The constraint that matters most is the one that sets the target: 1 <= k <= nums.length + 1. The problem guarantees that by the time you are asked to return the kth largest, there are always at least k elements in the stream. That means you never have to handle a situation where the answer does not exist.
The problem
Design a class KthLargest that, given an integer k and an initial array of integers nums, tracks a live stream of values and returns the kth largest element after every new addition. The kth largest is positional — duplicates count as separate entries. Full statement: LeetCode 703.
Constraints:
- 0 <= nums.length <= 10^4
- 1 <= k <= nums.length + 1
- -10^4 <= nums[i] <= 10^4
- -10^4 <= val <= 10^4
- At most 10^4 calls will be made to add.Constraints force the design before you pick a data structure
Start from nums.length <= 10^4 and at most 10^4 calls to add. If each add is O(n log n), the total work across all calls is on the order of 10^8 operations — that lands in the borderline zone and will almost certainly TLE on LeetCode's judge. You need each add to be at most O(log n). Actually, since you only care about k elements, O(log k) is even better.

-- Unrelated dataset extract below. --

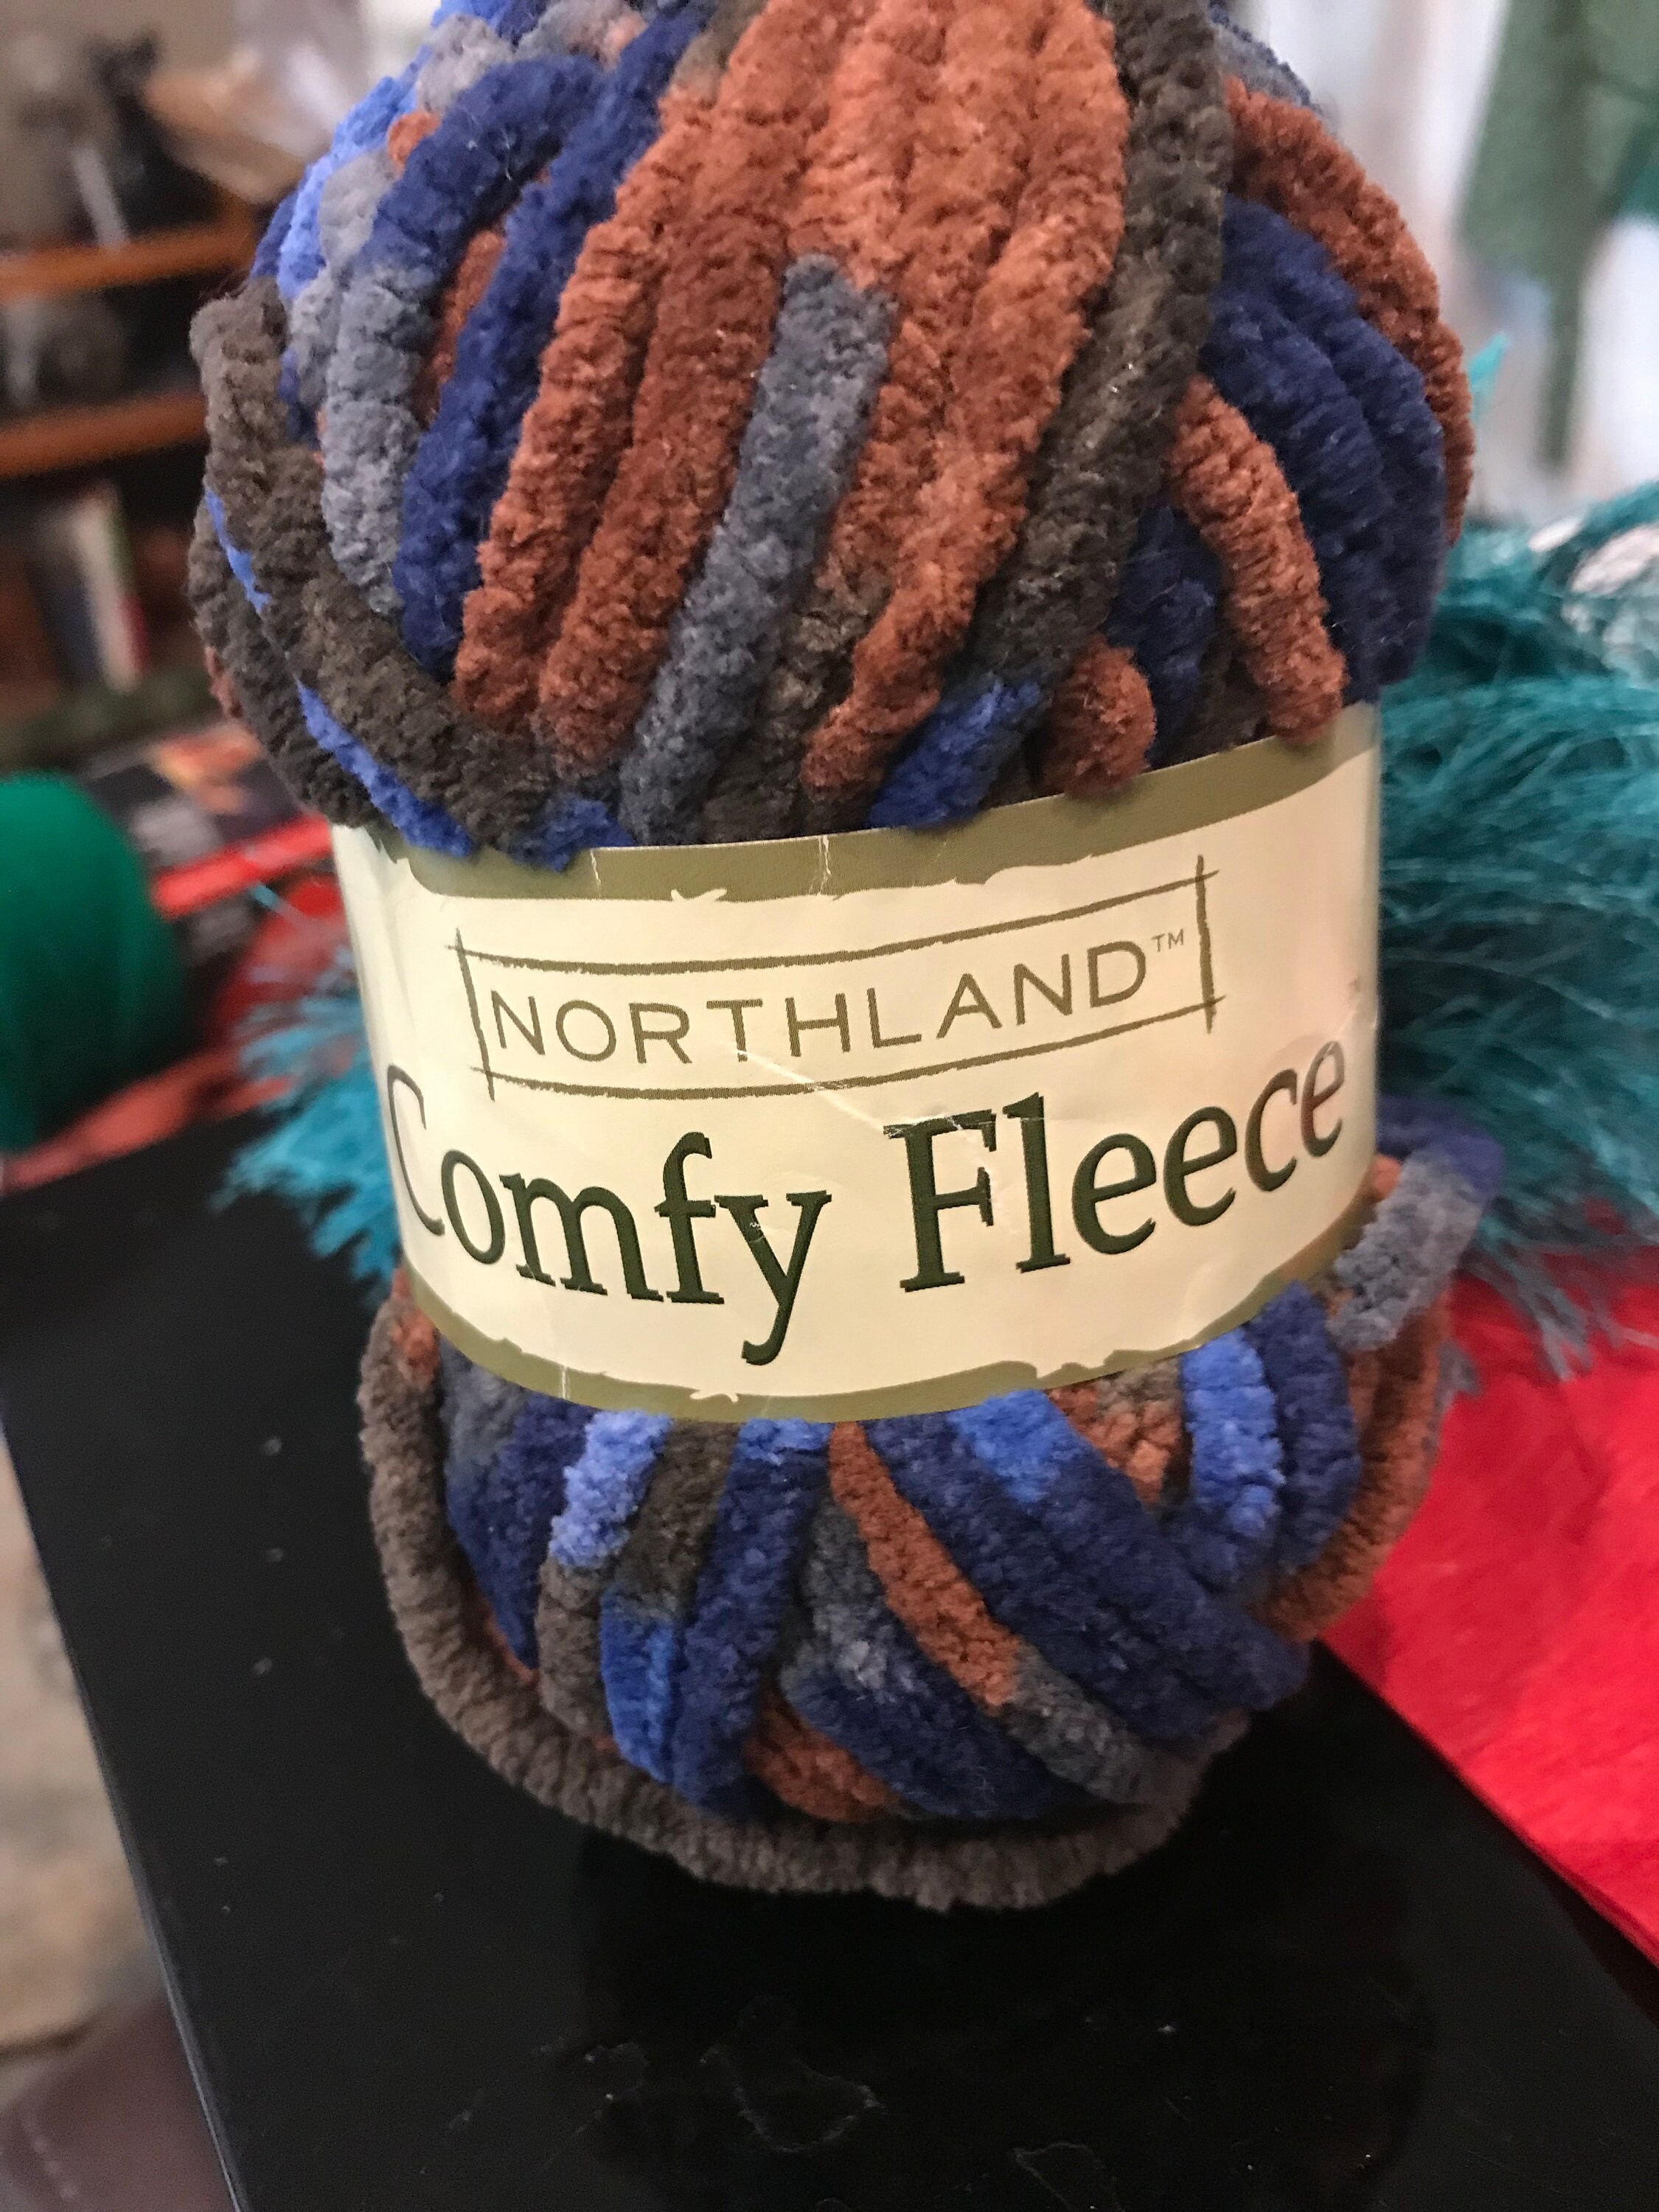 Northland Comfy Fleece Yarn

The value range [-10^4, 10^4] is small and signed. No overflow concern. No sentinel tricks with 0. Comparisons are straightforward.
k can be 1, which means "always return the running maximum." It can also equal nums.length + 1 after the first add, which means "return the minimum of all elements so far." The data structure needs to handle both ends without special-casing.

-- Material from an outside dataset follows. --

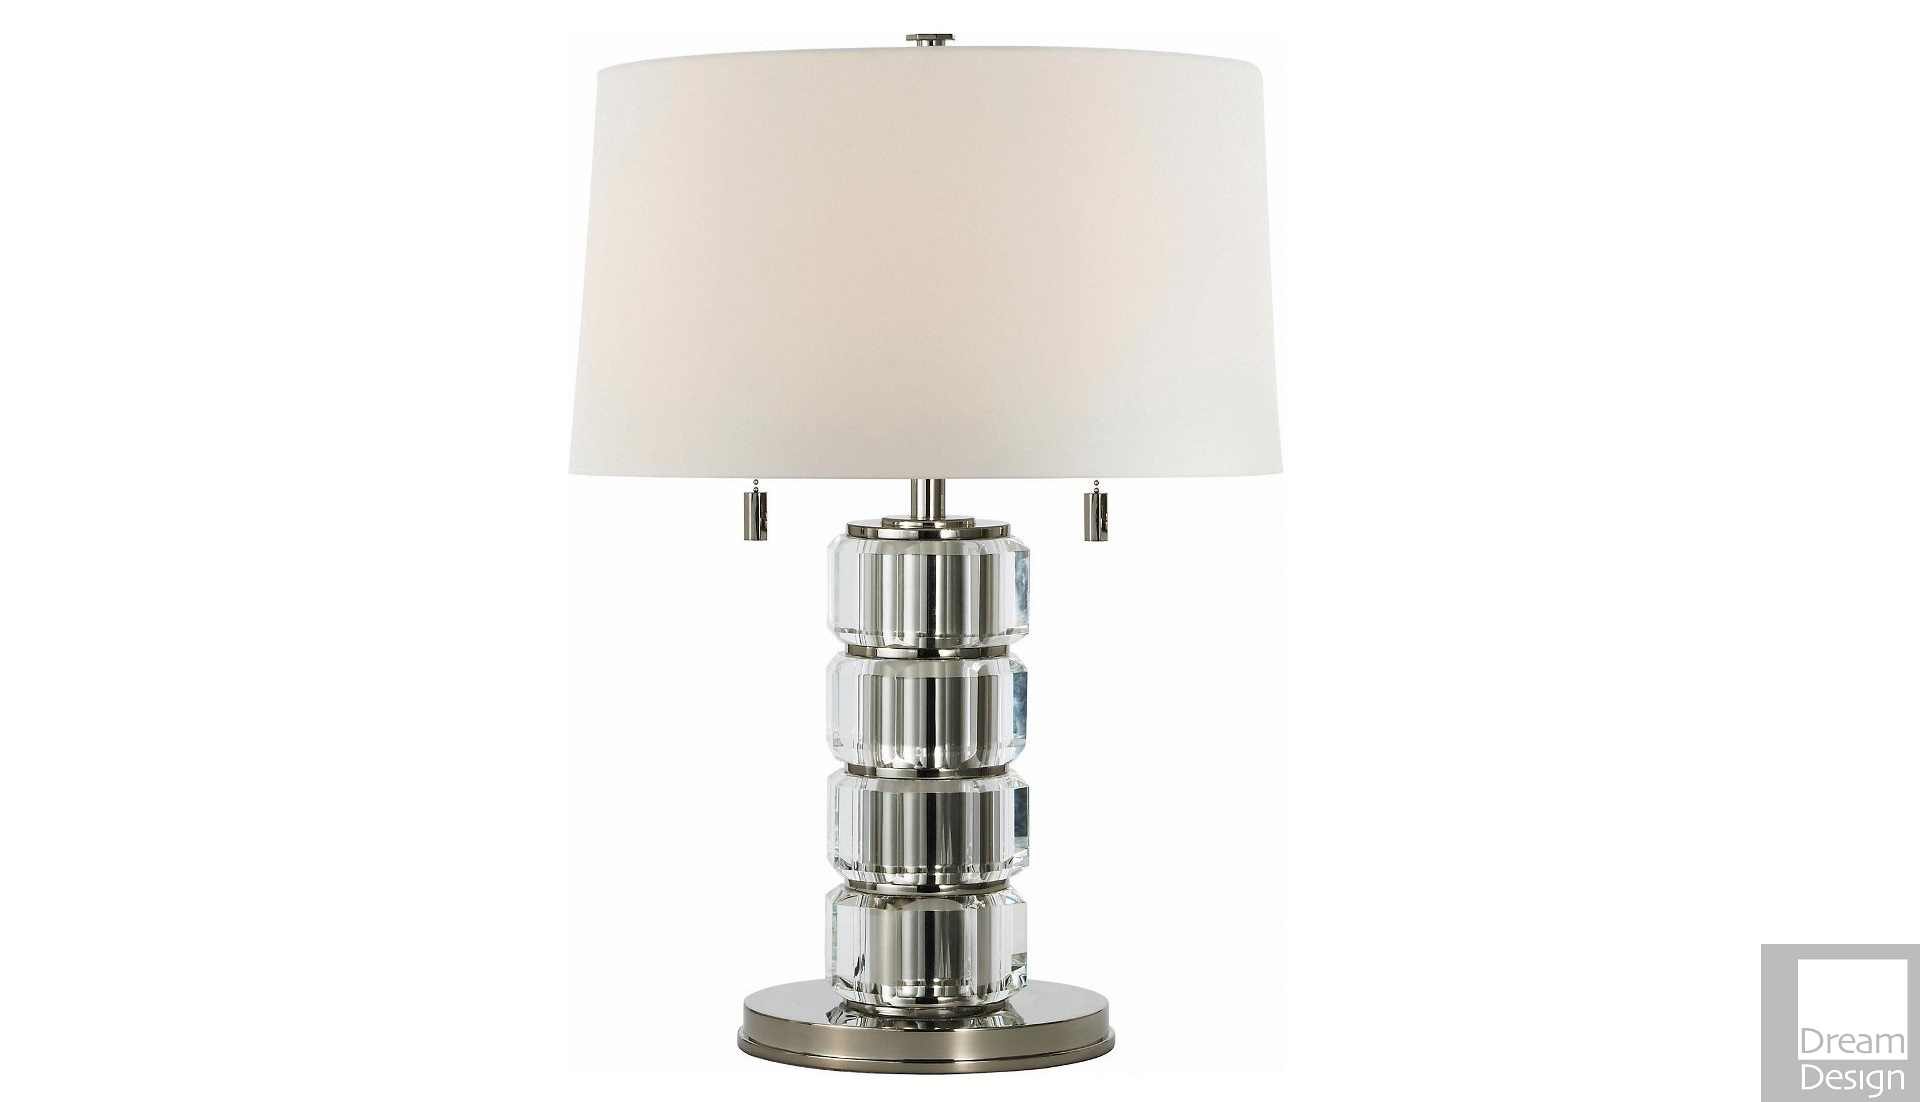 Ralph Lauren Home Brookings Table Lamp, Brookings Large Table Lamp

The stream can contain duplicates. A score of 7 appearing four times is four distinct entries. The kth largest is a positional concept, not a distinctness concept.
Approach 1: sort on every add
The simplest reading of the problem is: keep all elements, sort them, return position k from the right. That is an O(1) constructor (just store k and the list) and an O(n log n) add.
from typing import List
class KthLargest:
def __init__(self, k: int, nums: List[int]):
self.k = k
self.nums = list(nums)
def add(self, val: int) -> int:
self.nums.append(val)
self.nums.sort(reverse=True)
return self.nums[self.k - 1]using System.Collections.Generic;
public class KthLargest {
private int k;
private List<int> nums;
public KthLargest(int k, int[] nums) {
this.k = k;
this.nums = new List<int>(nums);
}
public int Add(int val) {
nums.Add(val);
nums.Sort((a, b) => b.CompareTo(a));
return nums[k - 1];
}
}It works on paper. It is correct. And it is dead slow for the given constraints: sorting a list of n elements on every call means the total work is O(total*n * n _ log n), which for 10^4 adds with 10^4 initial elements becomes roughly 10^8 * log(10^4), far beyond acceptable.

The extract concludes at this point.